Neighborhood preserving embedding (NPE)

The NPE algorithm is one of the popular local methods in manifold learning. This algorithm includes three steps. The first step is to determine the neighbors of each data point. The second step is to form the neighborhood graph matrix, W, and the third step is to calculate the transformation matrix, UNPE, using W, after solving the following convex optimization problem.

$$\mathrm{min }\, trace\left({{U}_{NPE}}^{T}XM{X}^{T}{U}_{NPE}\right) s.t. {{U}_{NPE}}^{T}X{X}^{T}{U}_{NPE}=I$$
(3)

where \(M={({\mathrm{I}}_{N}-\mathrm{W})}^{T}({\mathrm{I}}_{N}-\mathrm{W})\). After finding the optimal solutions for UNPE, any data point x can be linearly mapped to the new subspace y using y = \({U}_{NPE}^{T}x.\)

Locality preserving projection (LPP)

LPP manifold learning is a local method that, again includes the three main steps of neighbor finding, graph formation, and embedded data extraction. Determining the neighbor and how to form the LPP manifold graph are completely the same as the other local manifold learning methods and it differs from the other methods only in data extraction step. In fact, LPP manifold learning is a linear learning method in which the data mapping matrix from high-dimensional space to low-dimensional space is obtained from Eq. (4):

$${\mathrm{U}}_{\mathrm{LPP}}=\underset{\mathrm{U}}{\mathrm{arg min}}{U}_{LPP}^{T}{\mathrm{XLX}}^{\mathrm{T}}{U}_{LPP} ,\mathrm{ s}.\mathrm{t}. {U}_{LPP}^{T}{\mathrm{XOX}}^{\mathrm{T}}{U}_{LPP}=\mathrm{I}$$
(4)

where ULPP is the mapping matrix, L = O-W, W is the local manifold graph and O is the diagonal matrix with diagonal elements equal to \(\sum_{j}{w}_{ij}\). In this method, the mapping matrix can be calculated as an eigenvalue problem. After calculating the mapping matrix, the data representation in the low-dimensional space will be Y = \({U}_{LPP}^{T}X\).

Proposed method

The logic of the proposed approach

As discussed, every subspace of data can be expressed by a manifold. The problem is that it is not possible to find out which manifolds the data points obey in each subspace or which manifolds the distribution of the data sample is based on. On the other hand, the data structure may be so complex that a concrete manifold is not appropriate.

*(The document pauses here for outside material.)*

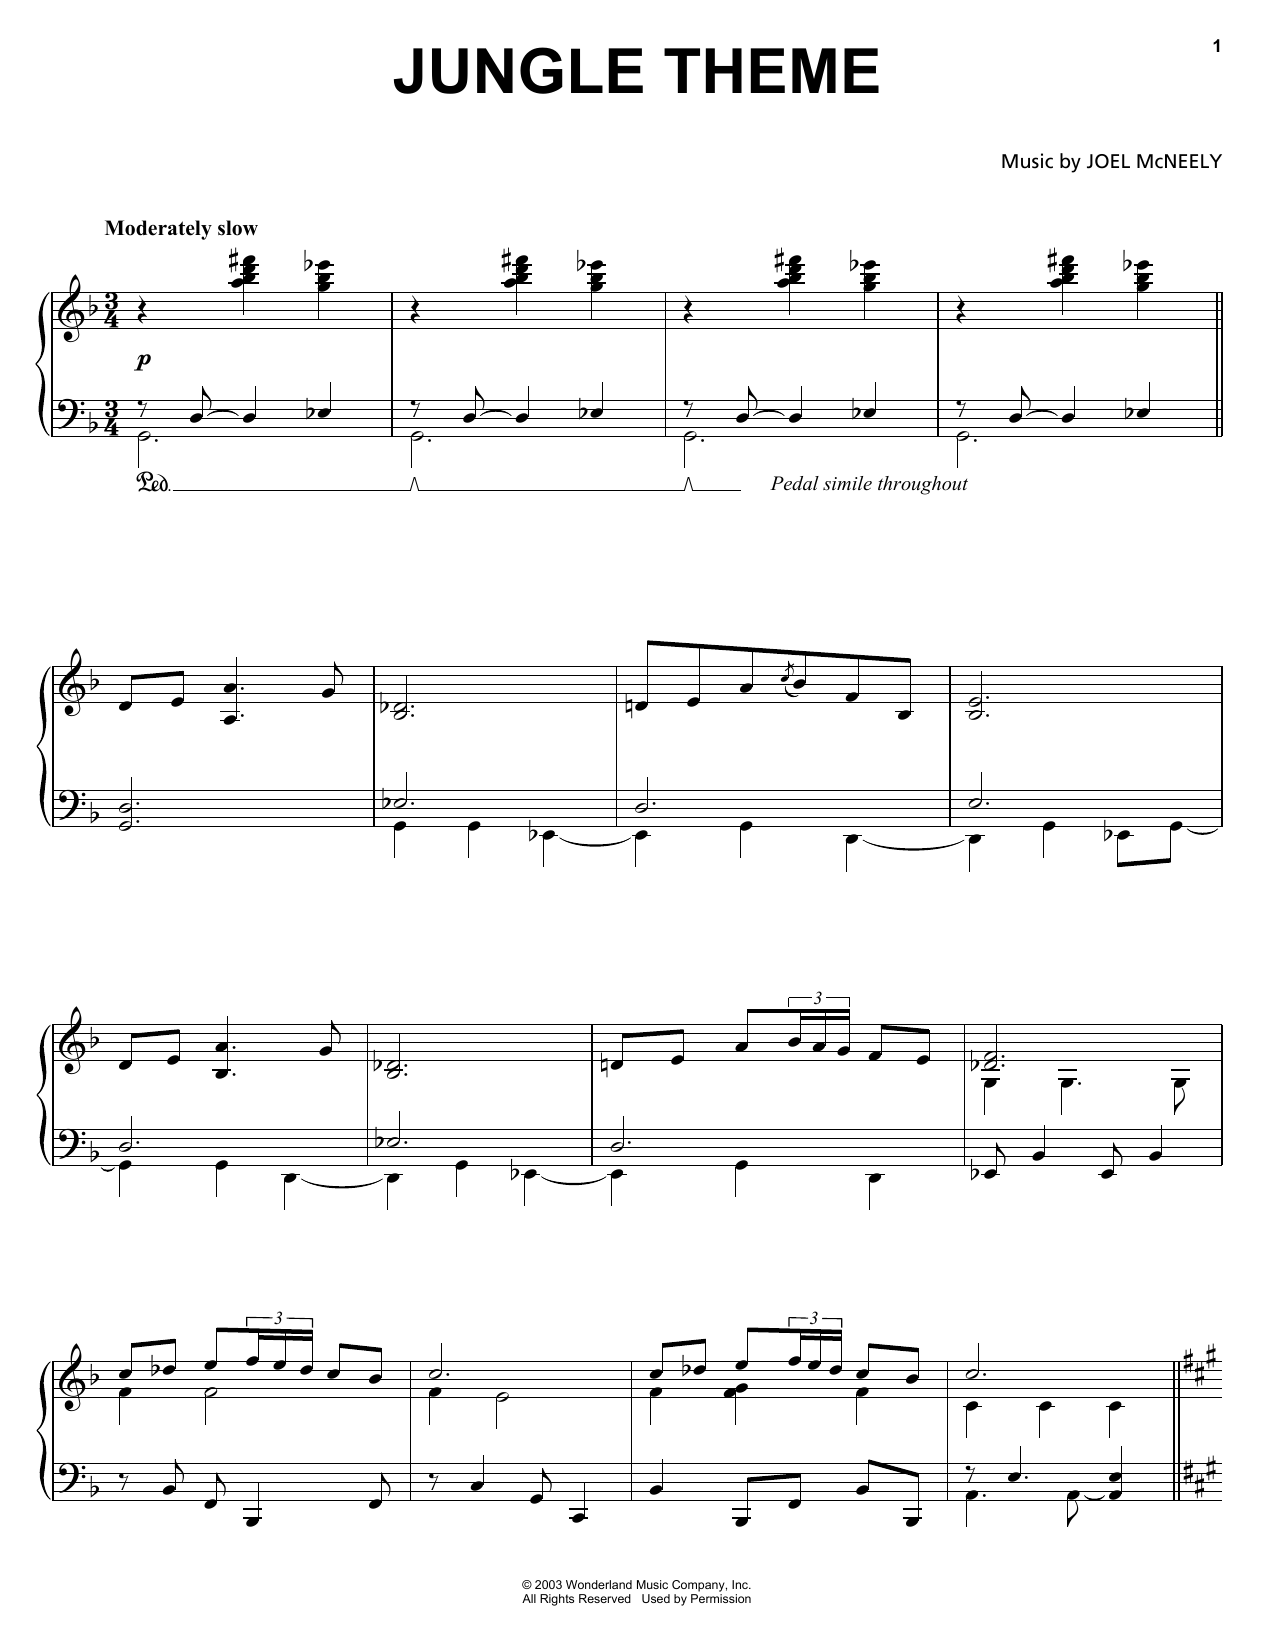 Download Joel McNeely Jungle Theme (from The Jungle Book 2) Sheet Music

Therefore, we use an alternative method. Instead of having multiple manifolds where each manifold represents a part of the data, we choose multiple manifolds to represent all the data samples, but according to the weight or the degree of suitability in maintaining the local neighborhood structure, optimality weights are assigned to each manifold. Consider Fig. 2. The graph in which we have a series of data points is the red dotted curve, and we don't know what their structure is. Instead of considering a complex non-linear function (manifold) for this data, we combine several linear functions (orange curves) and assign a combination weight to each manifold based on the degree of similarity to the structure of the whole data. We consider this linear combination of simpler manifolds as a suitable approximation of a more complex function.

Fig. 2
figure 2

The logic of the proposed multi-manifold learning method based on the weighting of linear manifolds

In this paper, data importance weighting considers novel measures of the marginality and centrality of data on the data manifolds and then scores the data points based on a weighted combination of these measures. The algorithm gradually removes the data samples from the majority class until a definite termination condition is met. To measure and optimize the manifolds, a distance-based information loss heuristic is proposed.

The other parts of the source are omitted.